- Exercise requirements -
The whole listing should come back exactly as written, except for the pictures.

- Input data -

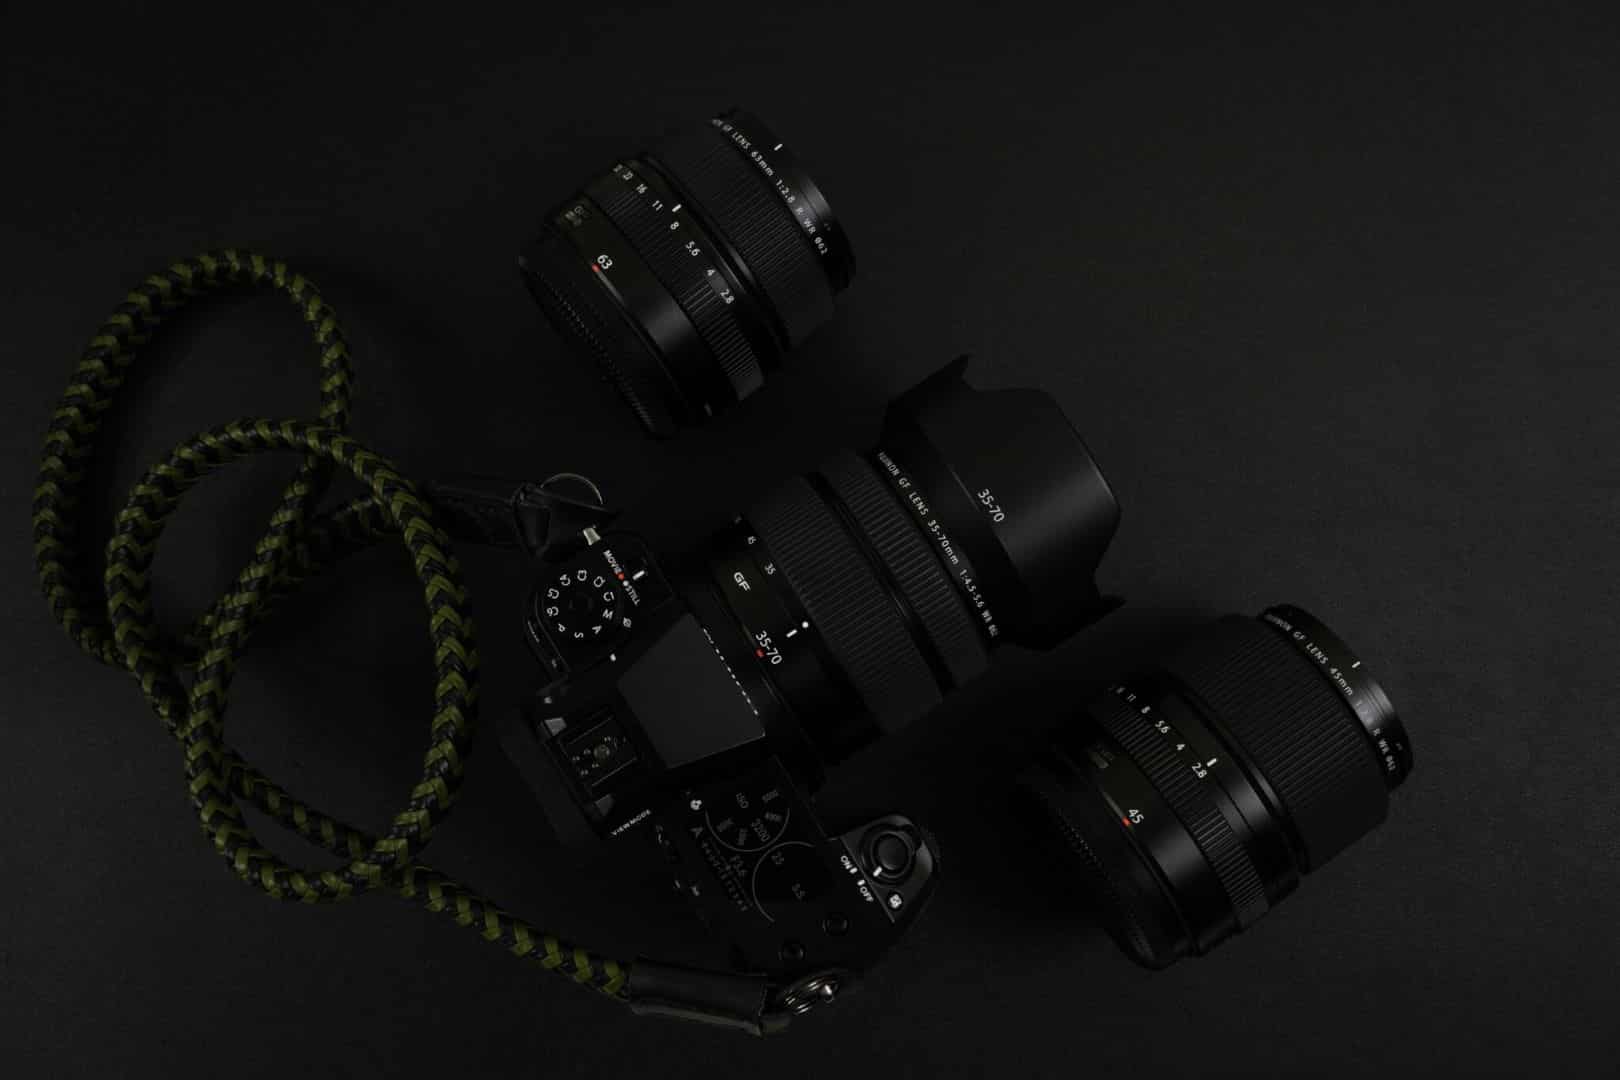 Ống kính Fujinon GF 20-35mm F4 có thể sẽ ra mắt vào 9/9
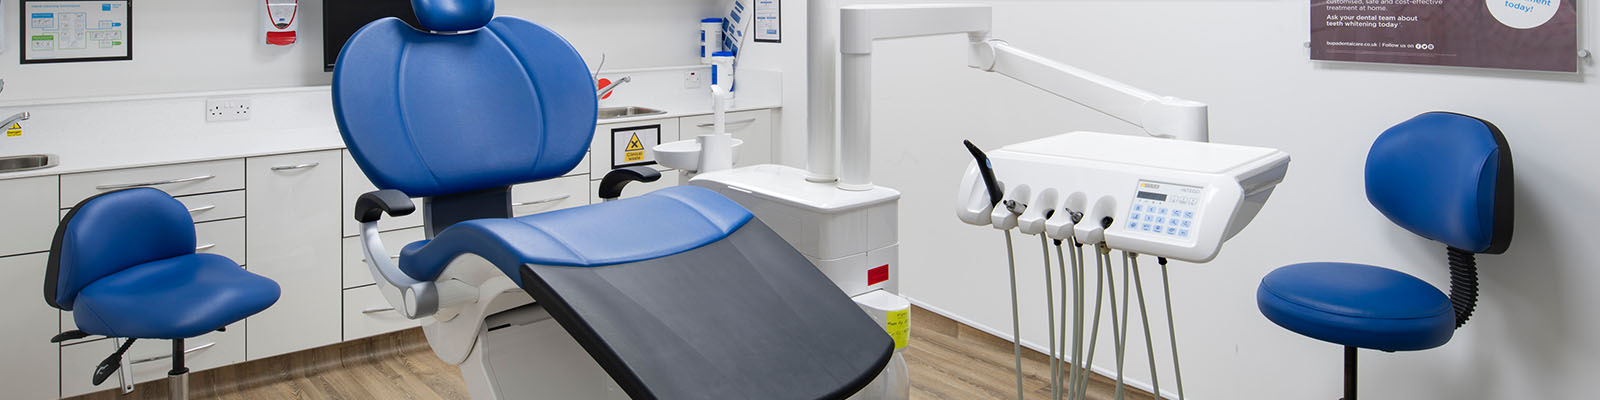 تکنسین و تعمیرکار تجهیزات دندانپزشکی
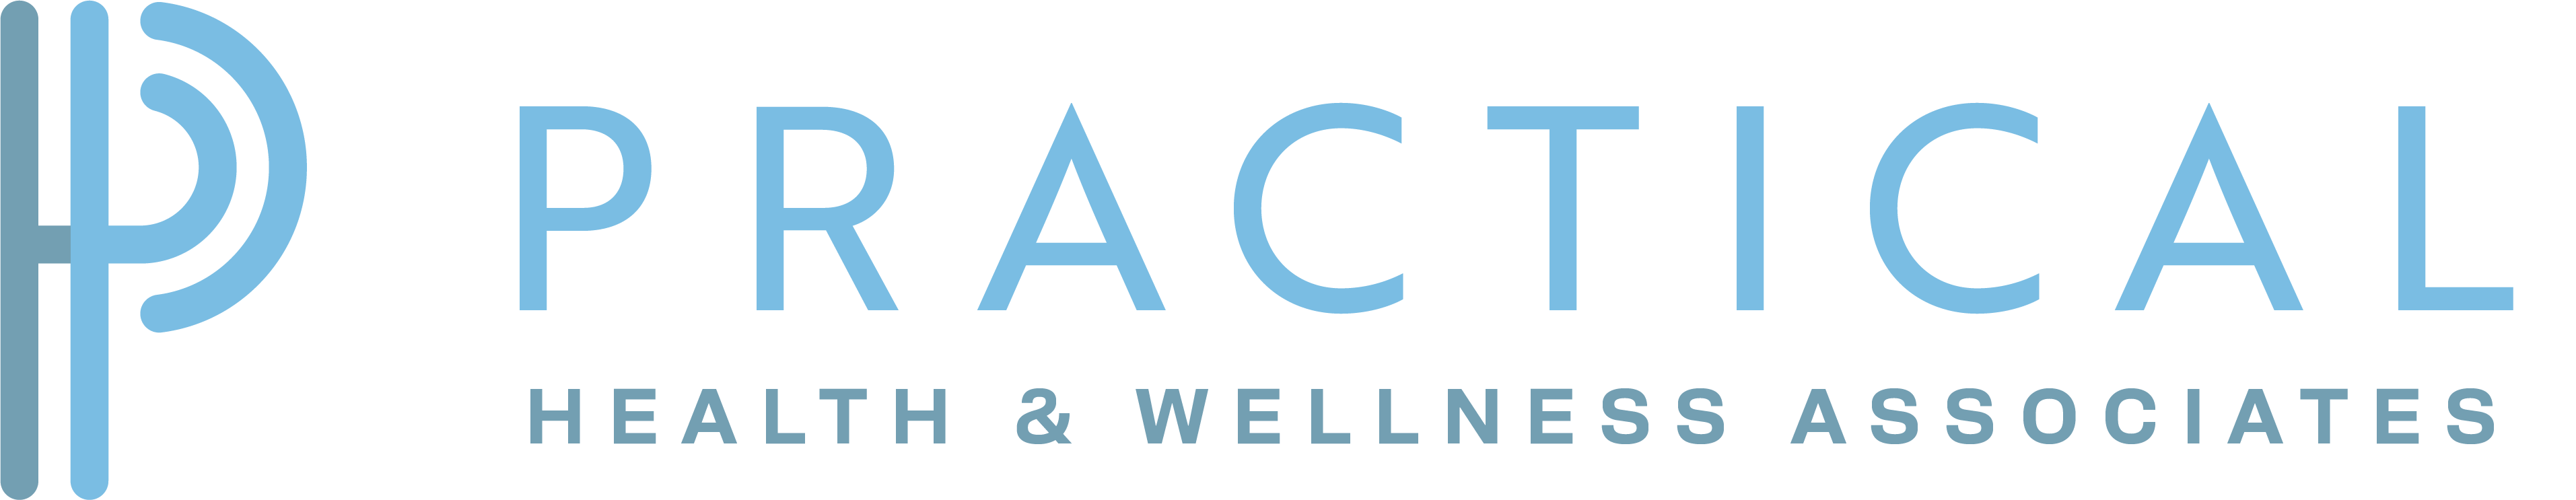 Practical Health & Wellness Associates

- Result -
 Ống kính Fujinon GF 20-35mm F4 có thể sẽ ra mắt vào 9/9
 تکنسین و تعمیرکار تجهیزات دندانپزشکی
 Practical Health & Wellness Associates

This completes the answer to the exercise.